Centrifugation-enhanced shell
vial (SV) culture is becoming one of the most frequent techniques used
in clinical virology laboratories since it reduces the turnaround time
(4, 7, 9, 10, 12).
The SV assay has been shown to have a good correlation with traditional
tube culture (TC) for the detection of the main respiratory viruses
(RVs) implicated in acute pathology: respiratory syncytial virus (RSV),
influenza A virus (FLU A), influenza B virus (FLU B), parainfluenza
viruses 1, 2, and 3 (PARA-1, PARA-2, and PARA-3, respectively), and
adenovirus (AD) (9, 13, 14). However, no cell line is
universally sensitive to all RVs; thus, the inoculation of each
specimen must be carried out in numerous vials containing different
cell lines. In this study we propose a simplification of the assay by
performance of simultaneous culture of three cell lines (HEp-2,
LLC-MK2, and MDCK cells [CoHLM]); in the same vial, thus permitting
growth of the main RVs.
For this purpose, the HEp-2 (Bio-Whittaker, Walkersville, Md.) and the
LLC-MK2 and MDCK (Vircell, Granada, Spain) cell lines were propagated
independently at a final concentration of 150,000 cells/ml. A mixed
cellular suspension containing 50,000 cells of each type per ml was
prepared in modified Eagle minimum essential medium (MEM; ICN
Biomedicals, Aurora, Ohio) containing 10% fetal bovine serum (FBS). To
prepare CoHLM monolayers, 1 ml of this suspension was poured into
flat-bottom tubes (16 by 50 mm), each containing one 12-mm-diameter
coverslip, and the tubes were incubated at 37°C for 24 h. After
incubation, the medium was discarded and was replaced by MEM containing
1% FBS for the maintenance of cellular monolayers.

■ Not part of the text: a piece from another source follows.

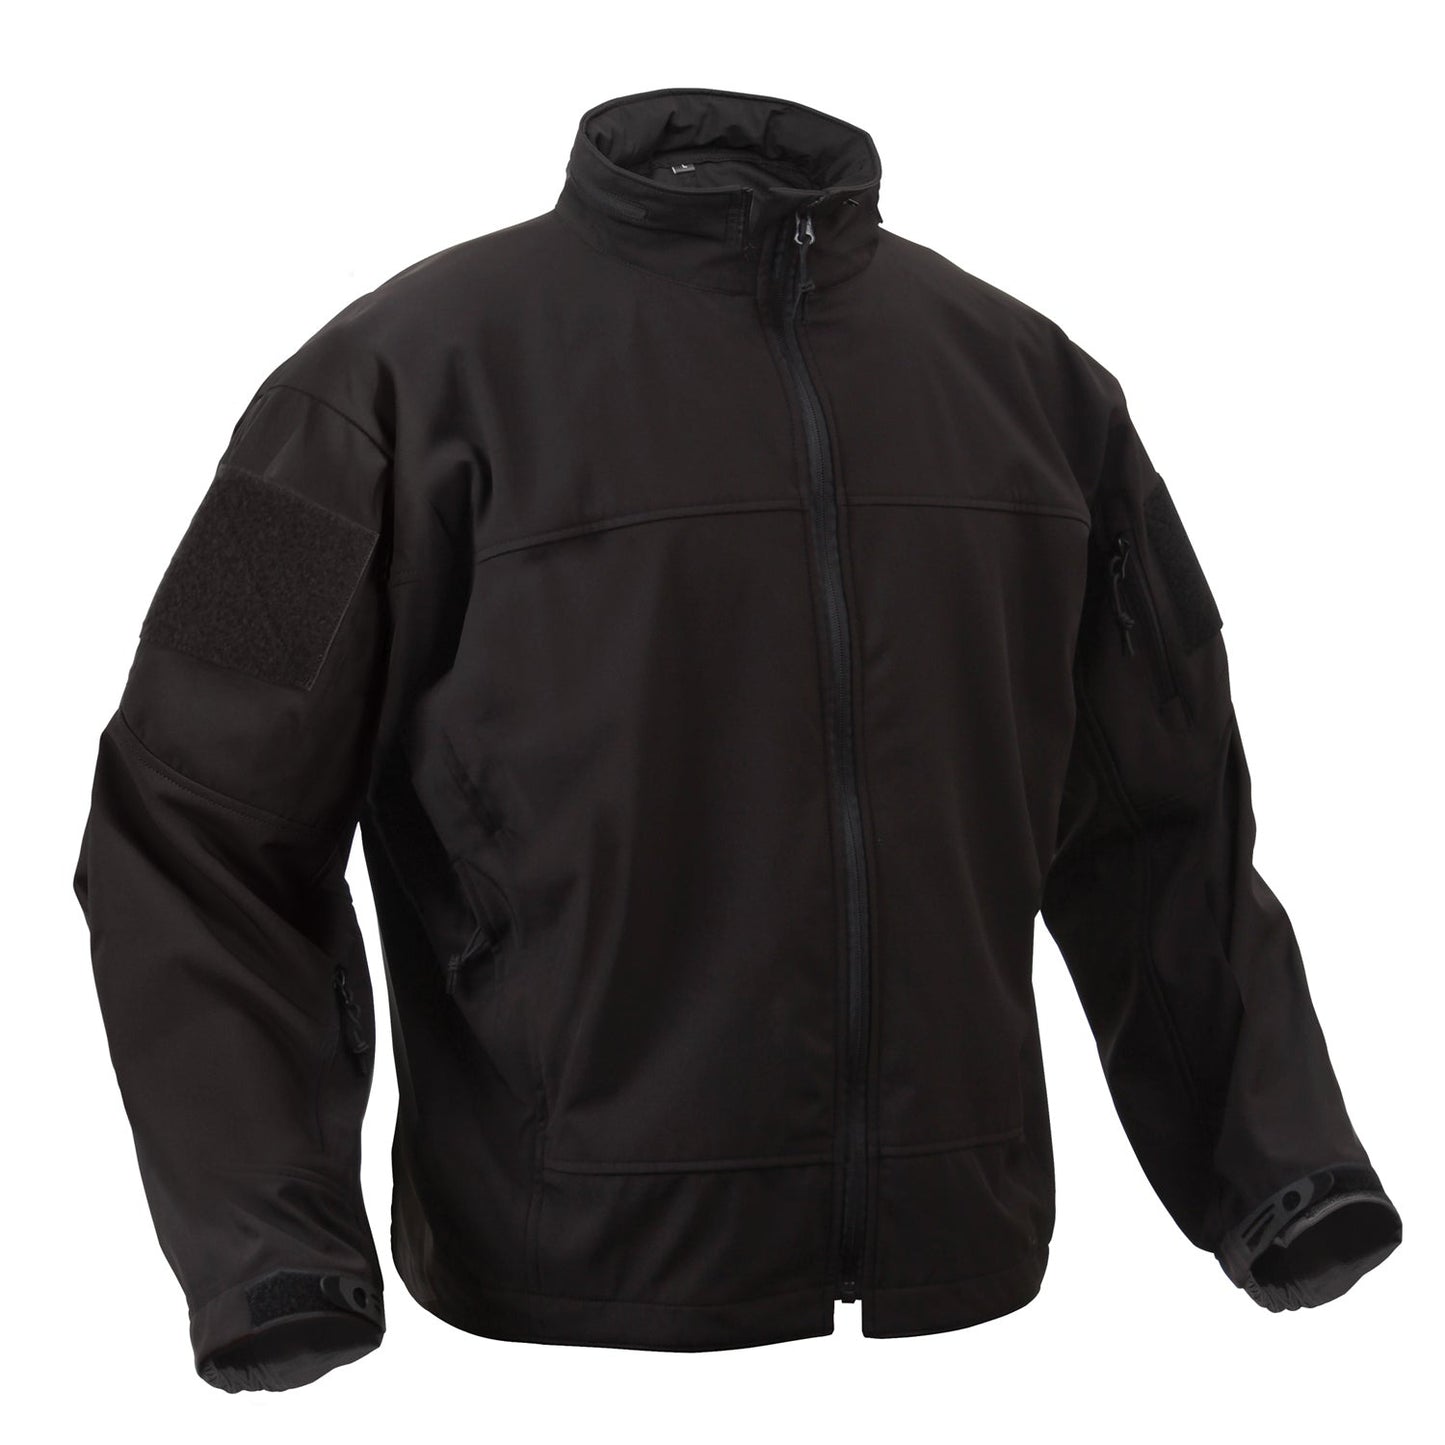 Lightweight and low profile, Rothco’s Covert Ops Lightweight Soft Shell Jacket is the premier choice for an everyday outdoor jacket that offers all-weather protection, keeping you warm and dry in any environment.

To assess the effect of age on the ability of CoHLM SV monolayers to
detect RVs, 5 RSV, 3 AD, 1 PARA-1, 1 PARA-2, 3 PARA-3, 3 FLU A, and 3 FLU B strains previously isolated in our laboratory were grown in
appropriate tissue cultures. The infected monolayers were scraped, and
the cells were homogenized in 15 ml of MEM, sonicated for 1 min, and
centrifuged at 500 × g for 5 min (3). Two
aliquots of each strain were separated and were kept in liquid nitrogen
until use. One aliquot was inoculated into four vials (200 µl per
vial) containing CoHLM that were 24 h old, and the other aliquot
was inoculated into four vials containing CoHLM that were 7 days old.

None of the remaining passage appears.